Like other investors, Comfort Oyedijo, a woman from Lagos, was convinced by the Oxford Group’s flashy real estate portfolio, which it flaunted to build credibility. Now she knows that all that glitters is not gold and that the investment costs 30 million naira and seven and a half plots of land that are yet to be allocated.

READ MORE: UPDATED: 8 new names in FIJ’s investment fraud list

Between 2021 and 2022, she has paid for five more plots of land but has not received any of them yet. In June 2021, she invested 5 million naira in Oxford, and by November 2021, she had invested another 30 million naira and received none of them.

A post-dated cheque for 30 million naira from Oxford to Oyedijo

“Oxford demanded 5% for documentation and 30,000 naira per plot for allocation, which I paid in full. They also promised me two and a half plots but they gave me nothing,” Oyedijo told FIJ.

“In June 2022, Oxford started stalling me when my money was due. I couldn’t even finance my son’s wedding. They struggled to give me 5 million naira out of the 35 million naira I had invested and since then they have not released my remaining 30 million naira. I estimate they owe me 88.5 million naira in today’s naira value but I want my 30 million naira back.”

When FIJ called Teniola Adesanya, chairman of the Oxford International Group, his connection was not connected. Eight days later, he had still not responded to a text message sent to his phone.

ALSO READ: Instagram hair influencer Tessy Oluchi defrauded investors of millions – and even asked them to pay more!

THE CHAIRMAN OF THE OXFORD GROUP HUNTS FOR OXFORD INVESTORS

Olamilekan Akinduro, a Lagos-based accountant whose funds are still held by the Oxford Group, joined forces with other disgruntled investors to form a group aimed at recovering their funds. Adesanya was not happy with this action. He approached the police, accusing Akinduro of inciting violence against him.

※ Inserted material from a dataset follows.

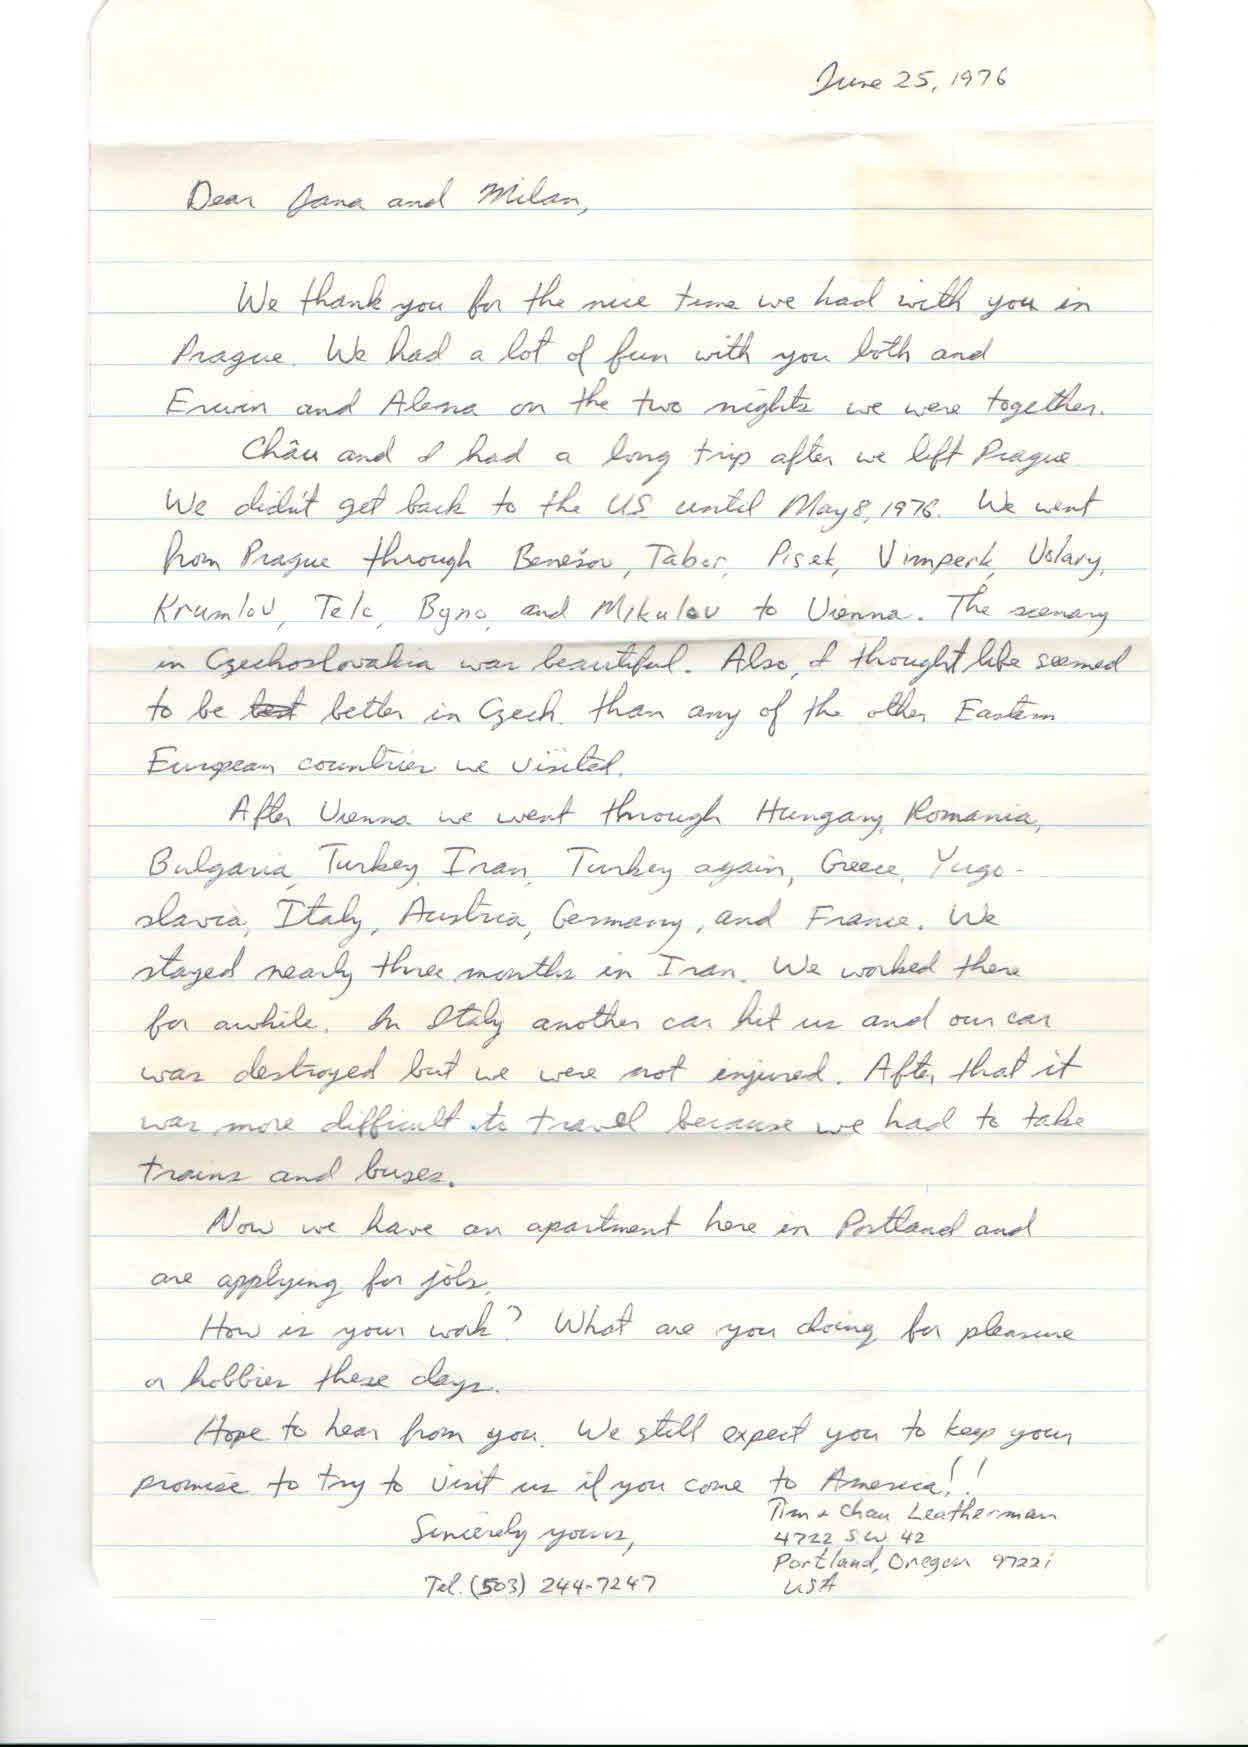 dopisu od Tima Leathermana

In a separate conversation with FIJ this year, Akinduro mentioned that he had been in touch with other frustrated Oxford Group investors and they were planning to find a way to get their money back.

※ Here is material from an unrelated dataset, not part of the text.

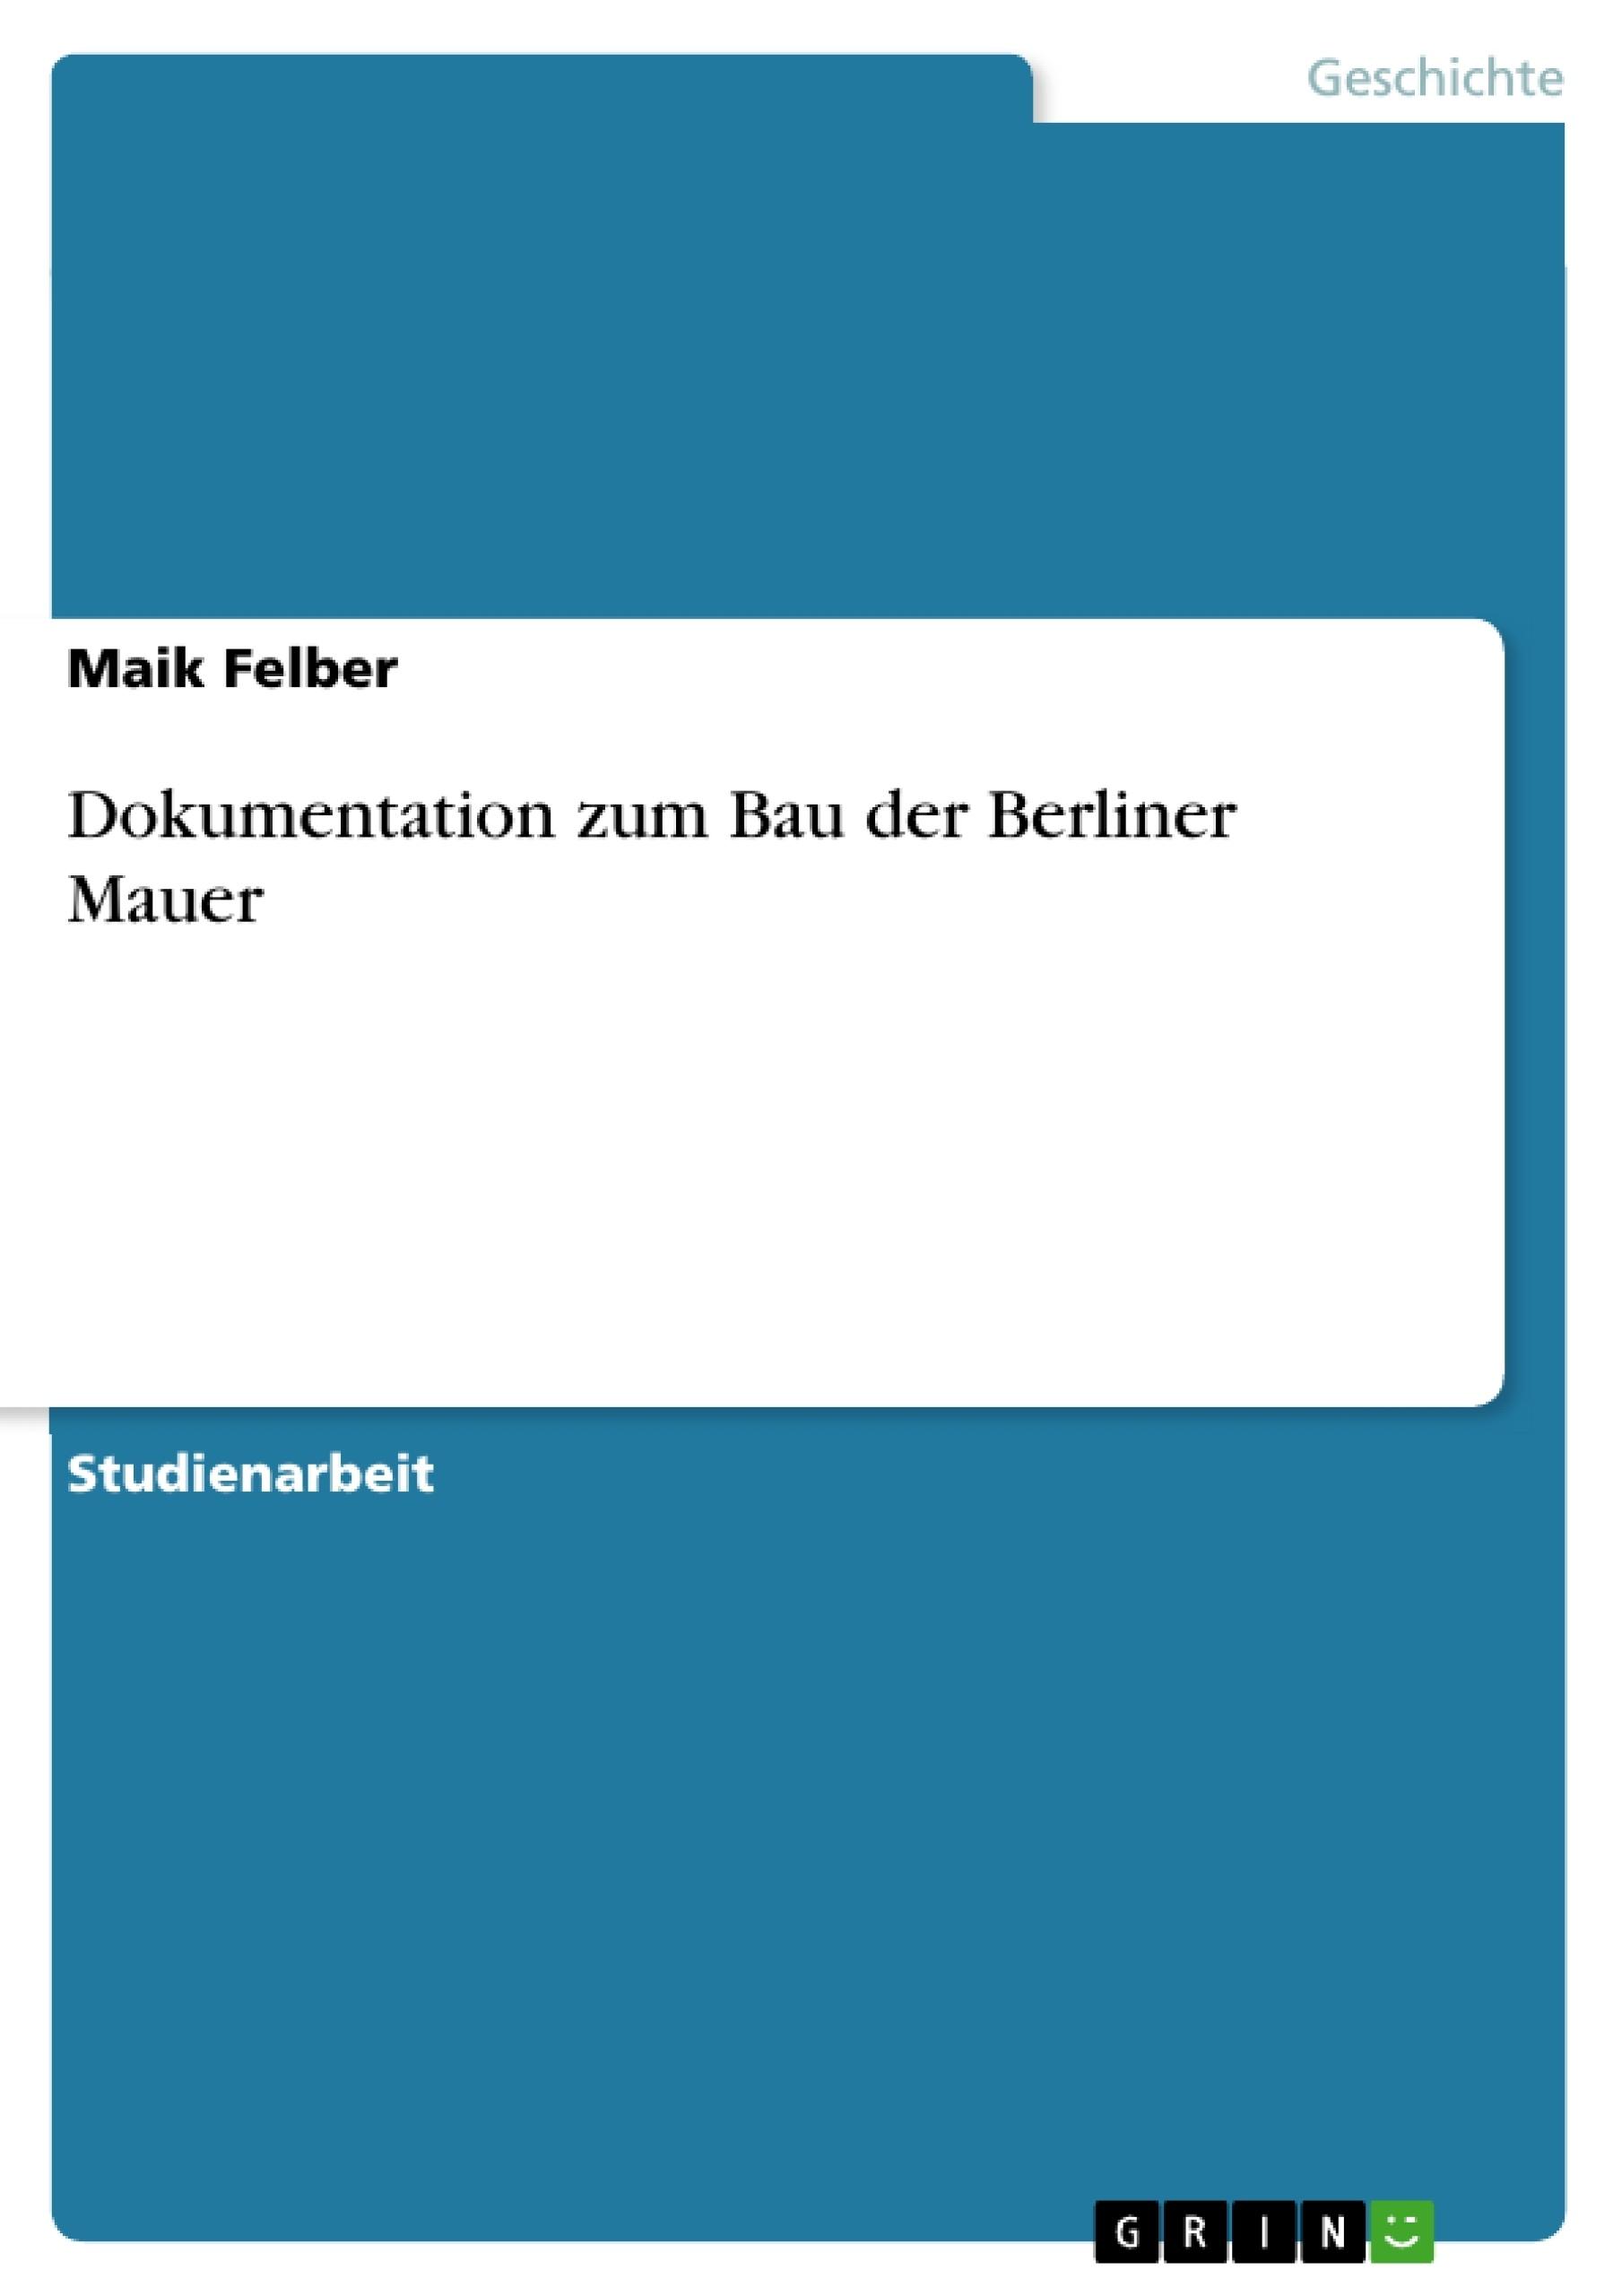 Titel: Dokumentation zum Bau der Berliner Mauer

Akinduro later informed FIJ that members of the group of aggrieved investors pooled money with which he and another investor travelled to Abuja, where they presented their case to Benjamin Kalu, the Deputy Speaker of the House of Representatives.

On August 10, the Special Investigation Unit (SIU) of the Nigeria Police Force (NPF) arrested Akinduro is said to have mobilised the Oxford International Group investors group to demand their overdue payments, but authorities claimed he formed the group to incite violence against Adesanya.